Merry Christmas and a happy new year to our listeners from Mark (@markboyle86), Joe (@anbeirneach) and Luke (@thelukejkelly)! We’ll see you in 2019.

In addition to our theme music by the talented Thomas O’Boyle, this episode featured a lot of music and sound effects, graciously made available for free by contributors at FreeSound.org, Looperman, Free Music Archive and Incompatech, for use under a Creative Commons license, by attribution.

The pieces of music you heard under the text were “Swiftwind” and “How I Used to See the Stars” by Lee Rosevere, licensed under Creative Commons: By Attribution 4.0.

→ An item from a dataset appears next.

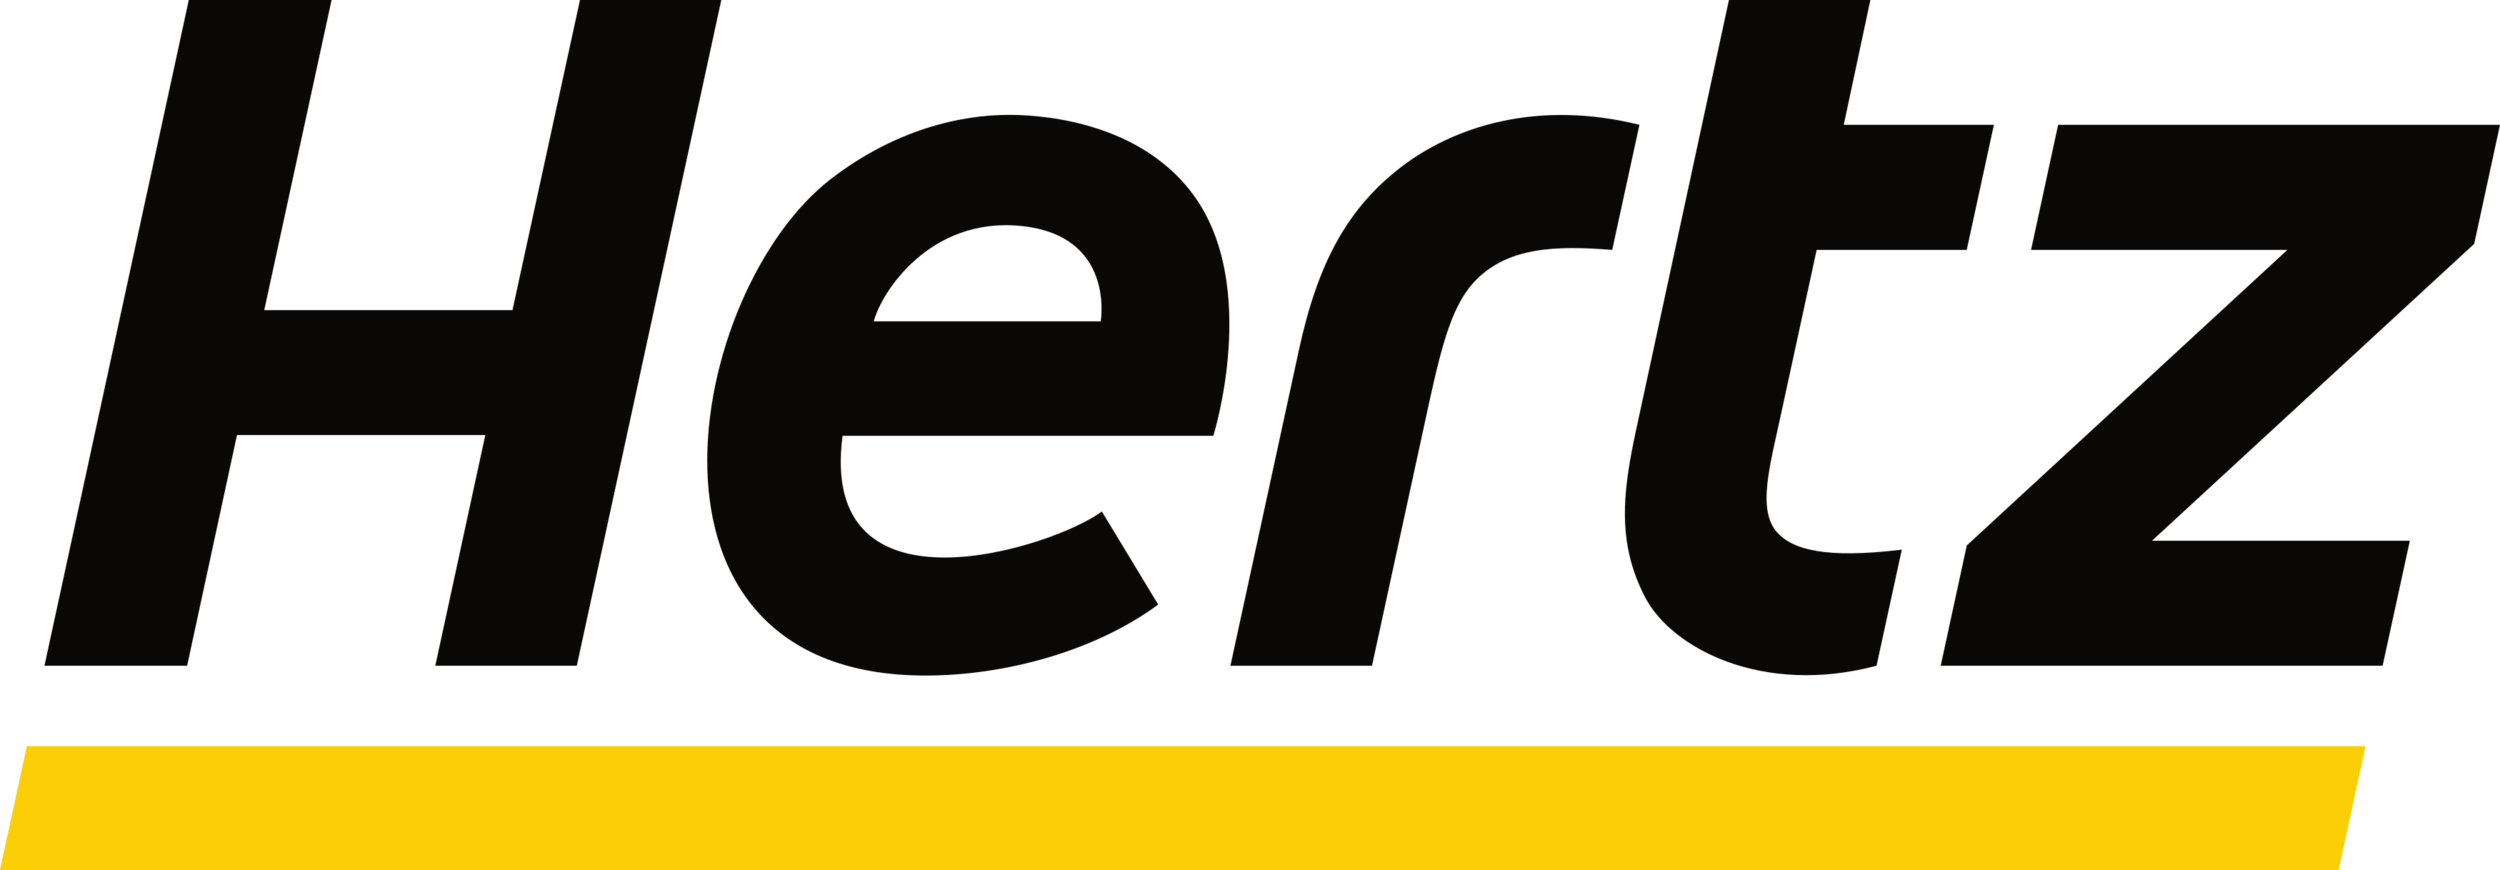 hertz-logo.png

The version of “Silent Night” we used was played by Kevin McLeod (Incompatech.com) and is licenced under Creative Commons: By Attribution 3.0 (http://creativecommons.org/licenses/by/3.0/)

Market sounds from Porto (user Digitopia)Waves in Barcelona (user Mmiron), “Wind, realistic, A” (user InspectorJ), “Wind through trees, 3b” (user spoonbender),  a thunder clap recorded in Pretoria, South Africa (user SoundLover16), Bird ambience in St Lucia Forest, South Africa (user EpicWizard), the sound of glass bells (user Idalize), Trumpets (user Harbour11), “Africa Pavillion Drum Jam” (user RTB45), People laughing, while playing volleyball (user andriala) and the sound of cannons being fired over the Hudson river (user nofeedbak), are all licensed from FreeSound under a Creative Commons by Attribution Licences; while the sound of a crowd in India (by Martin.Sadoux)“Wind and rain in Iceland (user Bashrambali), and the sound of Sleighbells (user Soundstack) were released without copyright.

The following tracks were taken from Looperman: sitar loop (by jensmuse), “Darbuka Dreaming 8” (by planetjazzbass) and “One for Joe (horns)” (by doudei).

Samples of Khoisan people speaking were taken from these YouTube videos of a man in Namibia talking about the use of grass, and a number of people in Botswana speaking to tourists about medicinal plant usage in their community.

The final song is a translation into Portuguese of “Feliz Navidad” by Corrossel (2012) – it can be found here.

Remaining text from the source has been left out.